Hello I've been tasked to port a PCI device from Solaris to Linux. I know something about Solaris drivers and next to nothing about Linux drivers. Can someone point me to their favorite example of a PCI driver that they used as a starting point? There's a fair bit of DMA involved as well. TIA & Cheers
On Tue, 25 Jan 2005 15:00:37 -0800, Pierre Patino <pierre@cruzio.com> wrote:
Hello I've been tasked to port a PCI device from Solaris to Linux. I know something about Solaris drivers and next to nothing about Linux drivers. Can someone point me to their favorite example of a PCI driver that they used as a starting point? There's a fair bit of DMA involved as well.
TIA & Cheers
Good Luck, I'm familiar with Sys V UNIX drivers and I've tried to look at the Linux kernel driver code. It is very different. The USB code in particular is very difficult to navigate, so don't use that as a reference unless you have to. I don't think the kernel has a PCI driver concept. They do have IDE, SATA, USB, SCSI, Video, Serial etc. So what subsystem is your driver for? Also, can your driver be converted into kernel module? If so, that really is the best way to go. FYI: I know the libata driver (for SATA drives) is newly written for 2.6 and supports DMA. Unfortunately it is layered below the SCSI layer, so the upper level interface is not very generic, but the lower level PCI interaction may be a good reference for you. FYI2: When SGI wanted to port XFS to linux, they first tried it with there own people. They were able to succeed from a purely technical perspective, but were unable to get mainline kernel acceptance. Finally they brought in a trusted Linux Kernel Developer as a consultant to rework the code. (ie. the kernel developers have become very picky about the structure of code being formally added to the kernel.) Greg -- Greg Freemyer
Greg Freemyer wrote:
On Tue, 25 Jan 2005 15:00:37 -0800, Pierre Patino <pierre@cruzio.com> wrote:
Hello I've been tasked to port a PCI device from Solaris to Linux. I know something about Solaris drivers and next to nothing about Linux drivers. Can someone point me to their favorite example of a PCI driver that they used as a starting point? There's a fair bit of DMA involved as well.
TIA & Cheers
Good Luck,
I'm familiar with Sys V UNIX drivers and I've tried to look at the Linux kernel driver code. It is very different. The USB code in particular is very difficult to navigate, so don't use that as a reference unless you have to.

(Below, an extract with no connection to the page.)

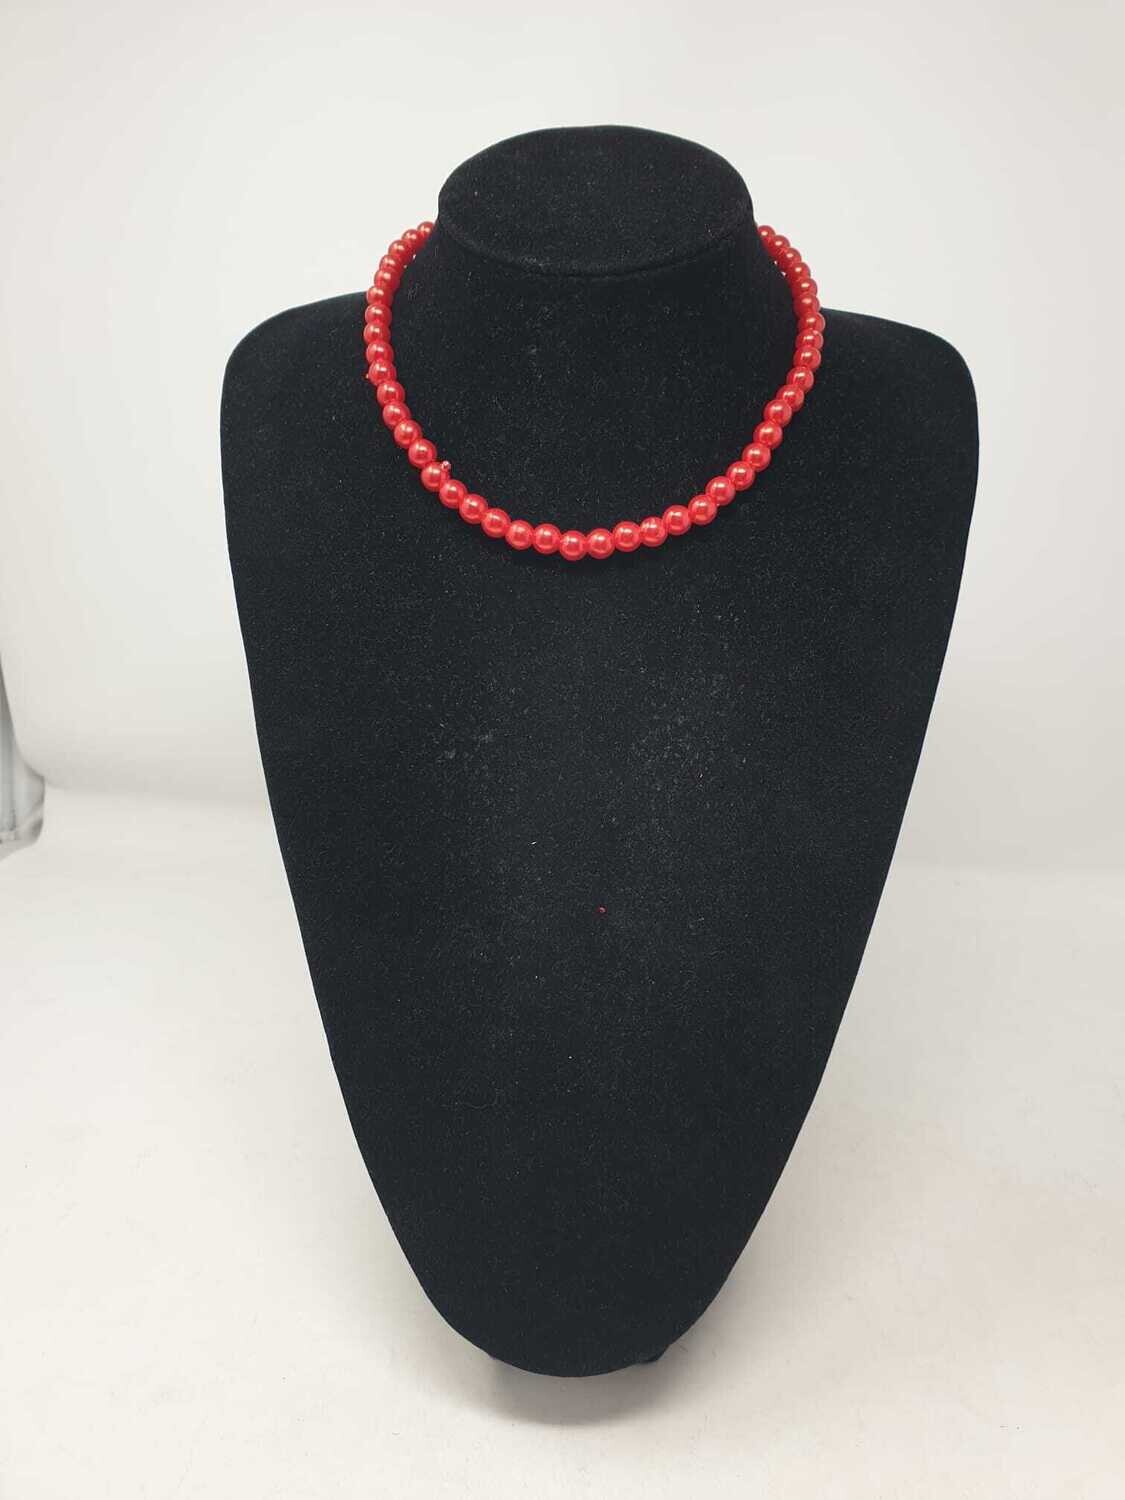 Handmade Beaded Necklace - Red

I don't think the kernel has a PCI driver concept.
They do have IDE, SATA, USB, SCSI, Video, Serial etc.
So what subsystem is your driver for?
Also, can your driver be converted into kernel module? If so, that really is the best way to go.
FYI: I know the libata driver (for SATA drives) is newly written for 2.6 and supports DMA. Unfortunately it is layered below the SCSI layer, so the upper level interface is not very generic, but the lower level PCI interaction may be a good reference for you.

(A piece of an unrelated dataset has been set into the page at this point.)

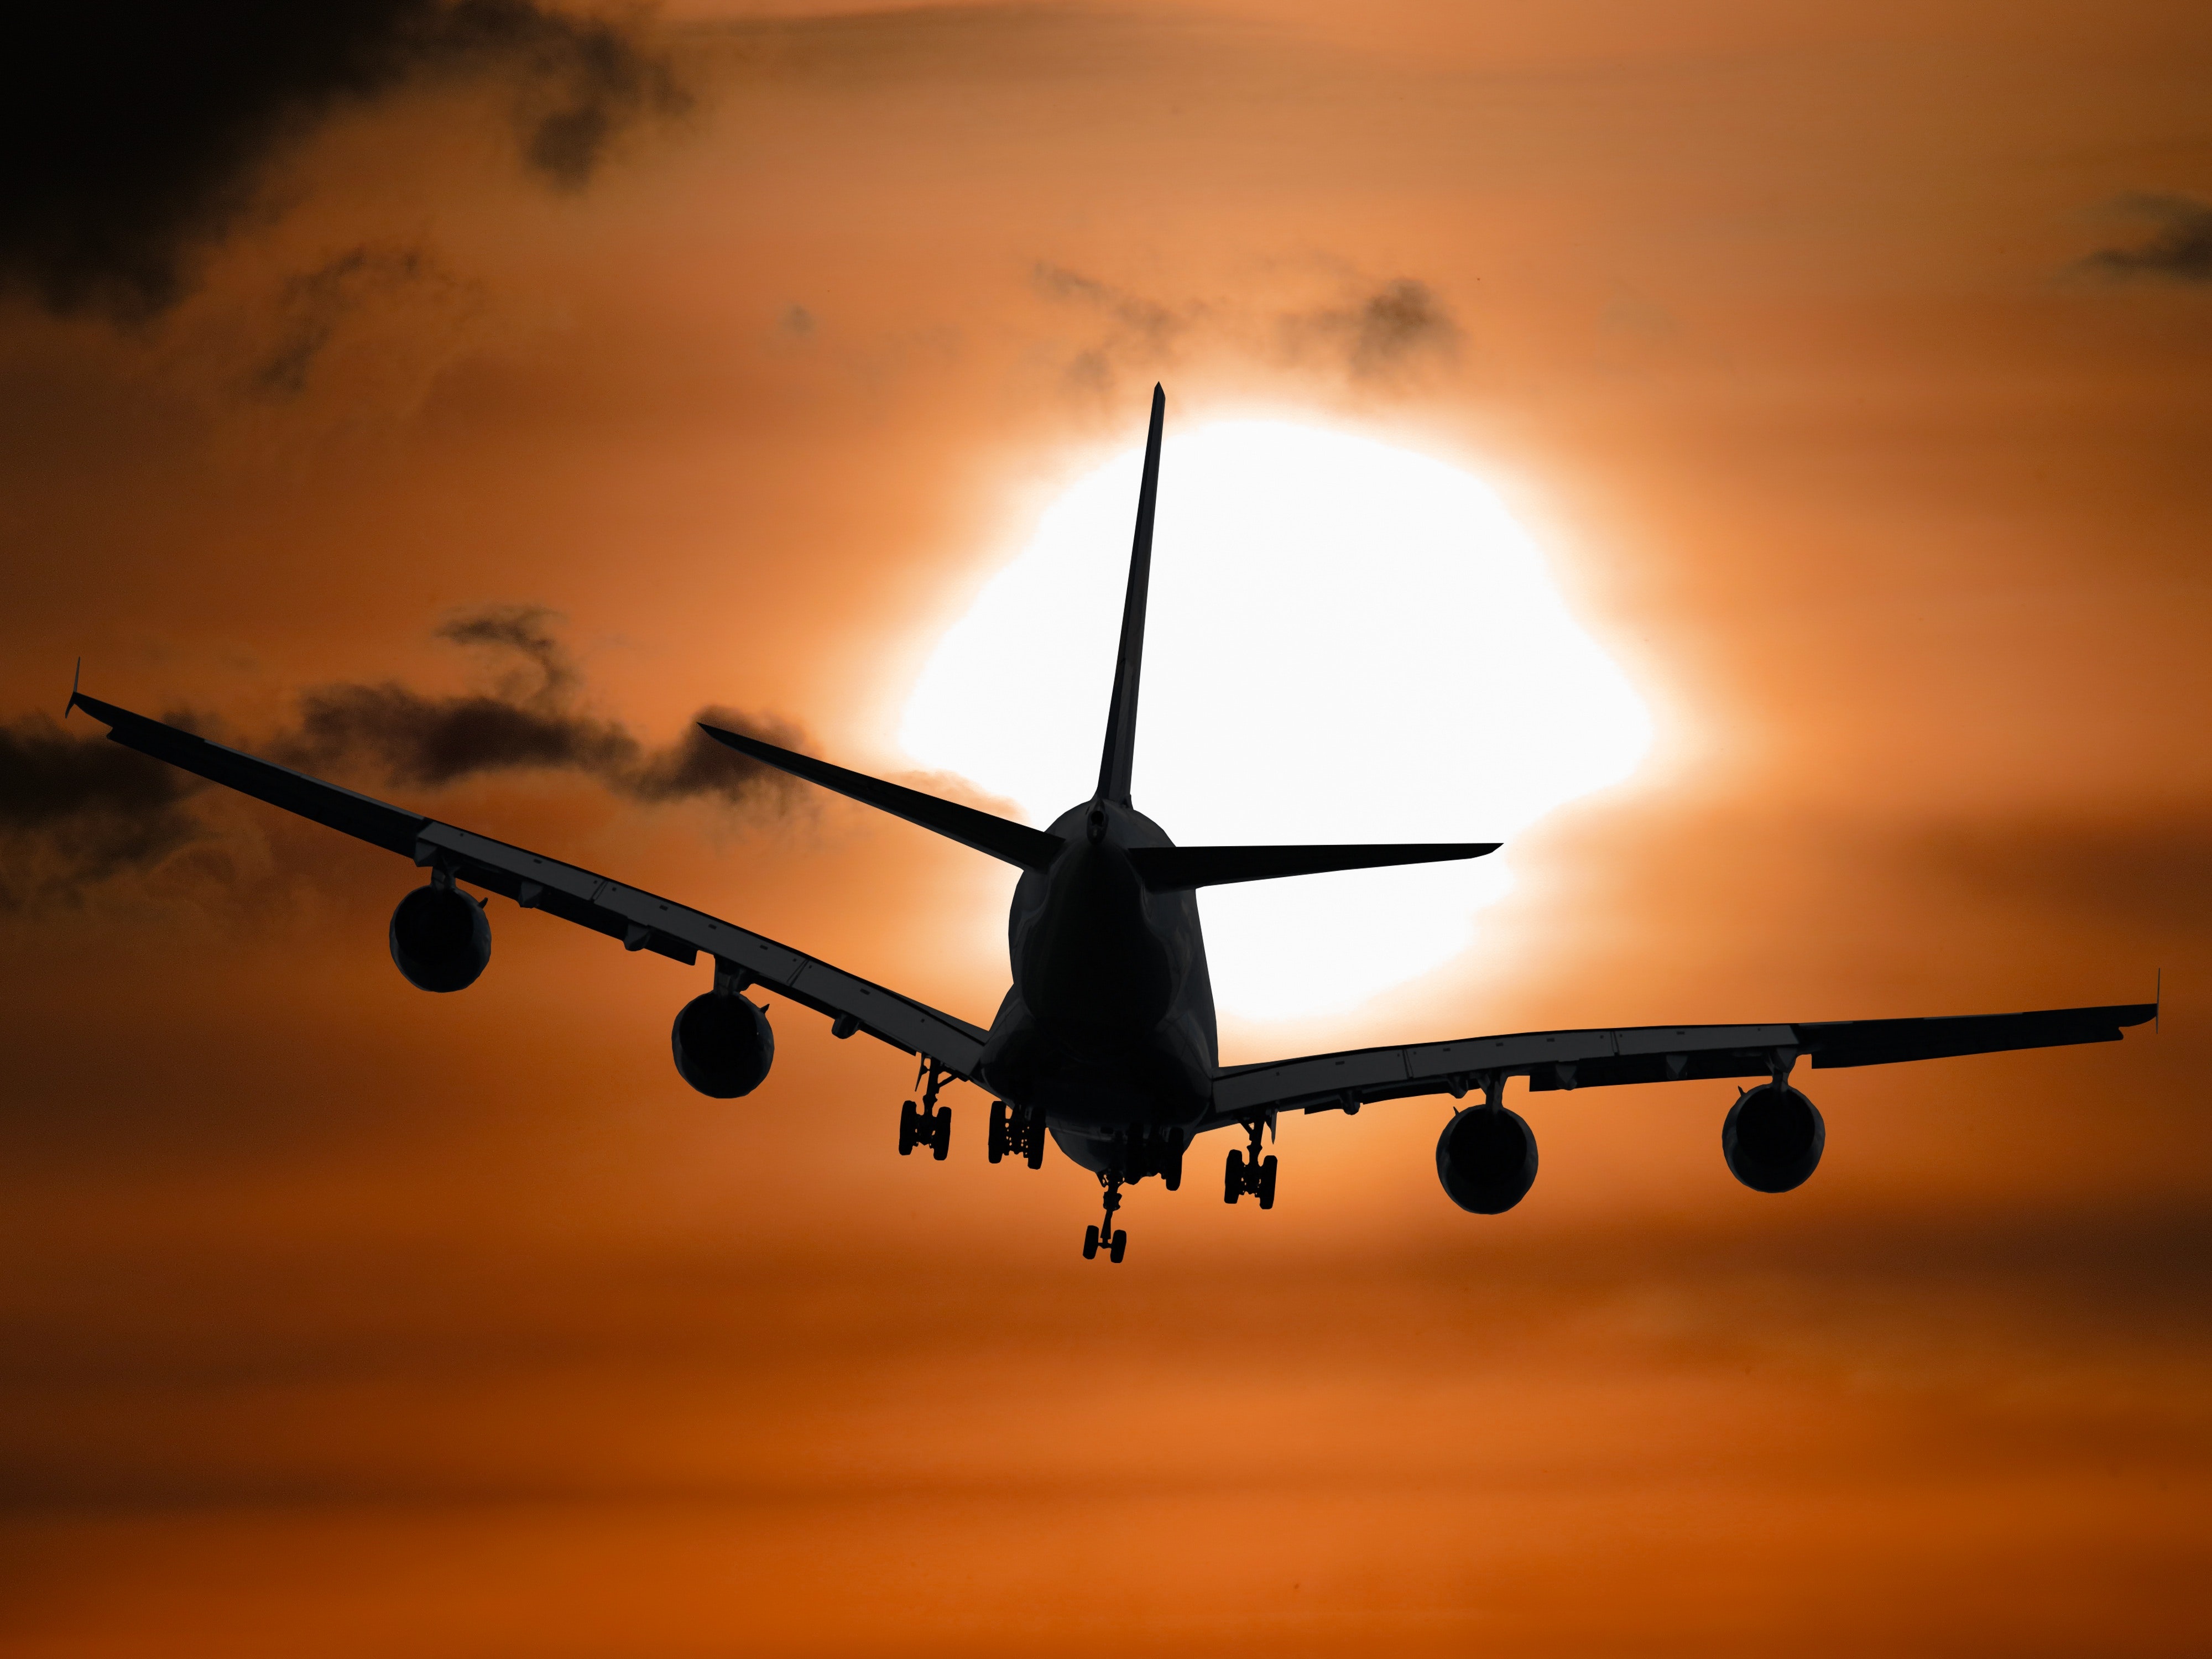 Shadow Image of a Plane Flying during Sunset · Free

FYI2: When SGI wanted to port XFS to linux, they first tried it with there own people. They were able to succeed from a purely technical perspective, but were unable to get mainline kernel acceptance. Finally they brought in a trusted Linux Kernel Developer as a consultant to rework the code. (ie. the kernel developers have become very picky about the structure of code being formally added to the kernel.)
Greg
Thanks for the input. Our PCI device is meant to accept four channels of analog signals, perform some A/D magic and jam the values into RAM so a user process can access them and perform some further analysis. I don't expect the Linux kernel group to ever see this code. We want to load a module at boot time and let the needed process perform open/read/write/ioctl/close on the appropriate /dev/whatever.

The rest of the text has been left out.